Approximation Algorithms for Clustering (Thesis) | Computer Science Department at Princeton University

Report ID:

TR-716-04

Authors:

Wirth, Anthony

Date:

September 2004

Pages:

133

Download Formats:

[PDF]

Abstract:

Clustering items into groups is a fundamental problem in the
information sciences. Many typical clustering optimization problems are
NP-hard and so cannot be expected to be solved optimally in a
reasonable amount of time. Although the use of heuristics is common, in
this dissertation we seek approximation algorithms, whose performance
ratio in relation to the optimal solution can be guaranteed and whose
running time is a polynomial function of the problem instance size. We
start by examining variants of the asymmetric k-center problem. We
demonstrate an O(log* n)-approximation algorithm for the asymmetric
weighted k-center problem. Here, the vertices have weights and we are
given a total budget for opening centers. In the p-neighbor variant
each vertex must have p (unweighted) centers nearby: we give an O(log*
k)-bicriteria algorithm using 2k centers, for small p. We also show
that the following three versions of the asymmetric k-center problem
are inapproximable: priority k-center, k-supplier, and outliers with
forbidden centers. The bulk of the dissertation concerns correlation
clustering: clustering a collection of elements based on pairwise
judgments of similarity and dissimilarity. The problem instance does
not include a distance relation between the elements. We partition the
elements into clusters so that the number of pairs correctly (resp.
incorrectly) classified with respect to the input judgment labeling is
maximized (resp. minimized). It is worthwhile studying both complete
instances, in which every pair is labeled, and general instances, in
which some input pairs might not have labels. Specifically, we
demonstrate a factor 4 approximation for minimization on complete
instances, and a factor O(log n) approximation for general instances.
For the maximization version, we give a factor 0.7664 approximation for
general instances, noting that a PTAS is unlikely by proving
APX-hardness.
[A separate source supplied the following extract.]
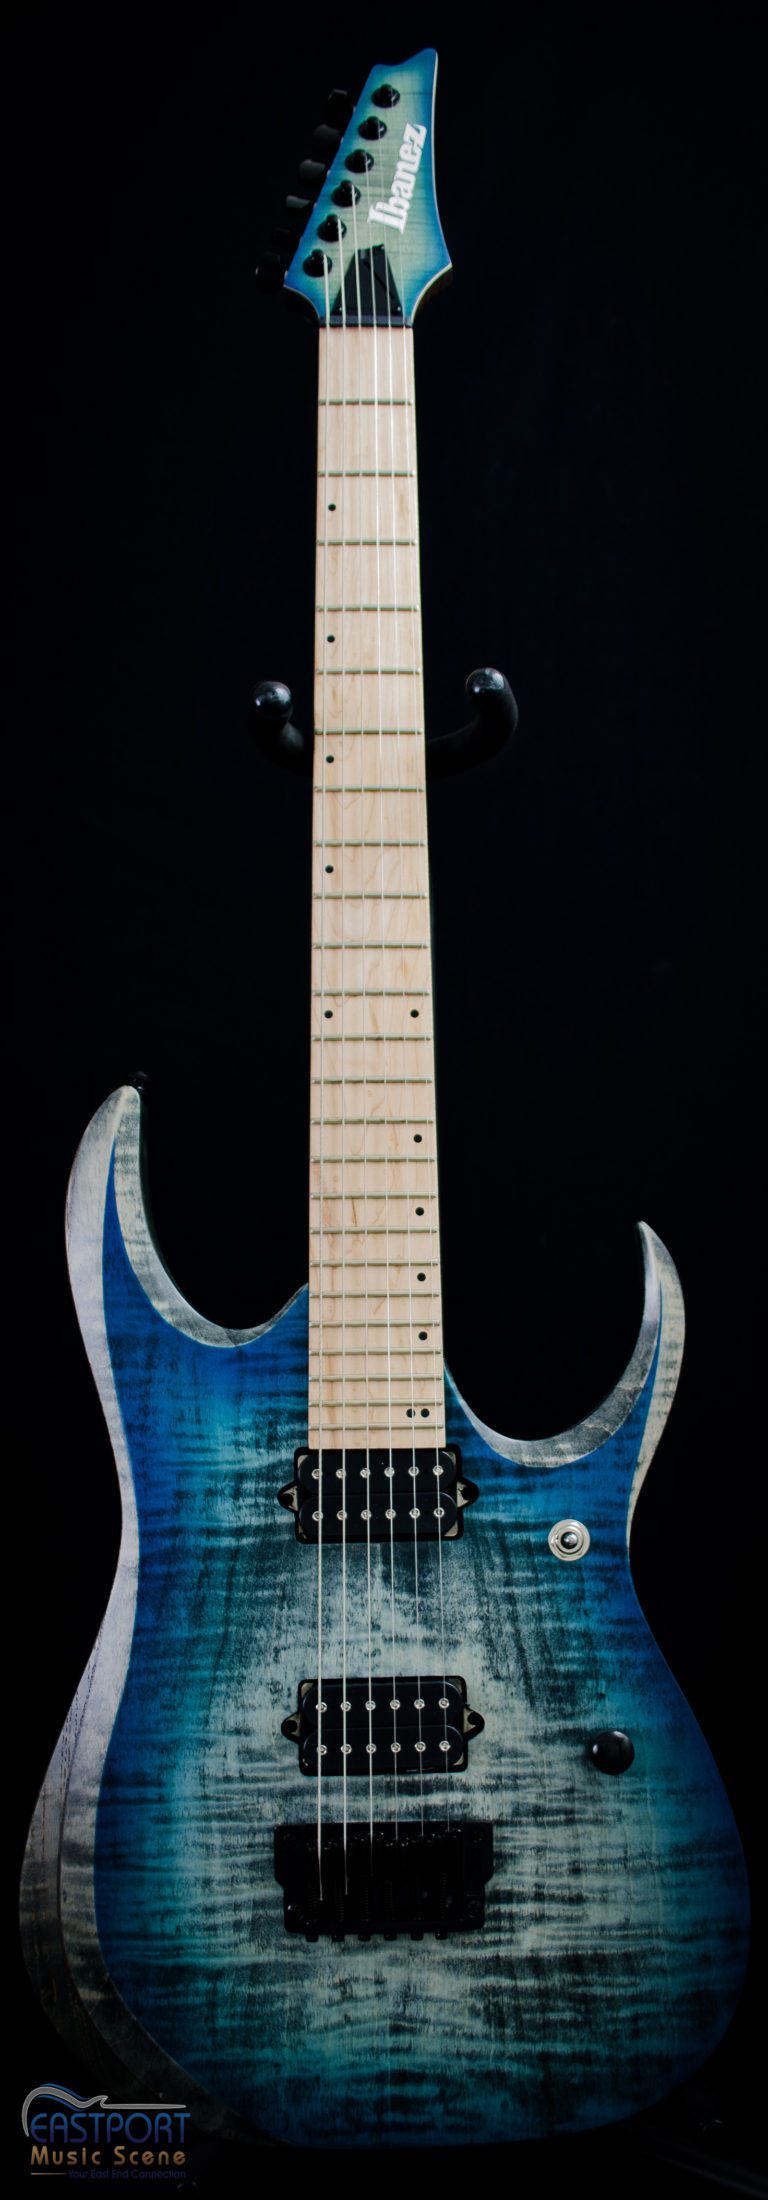 A blue electric guitar with white trim and black background

We also prove the APX-hardness of minimization on
complete instances. We provide the first nontrivial approximation
algorithm for maximizing the correlation: the difference between the
number of pairs correctly classified and the number incorrectly
classified. The factor ?(1/ log n) algorithm is derived from an
approximation algorithm for maximizing a fairly general type of
quadratic program on the unit hypercube.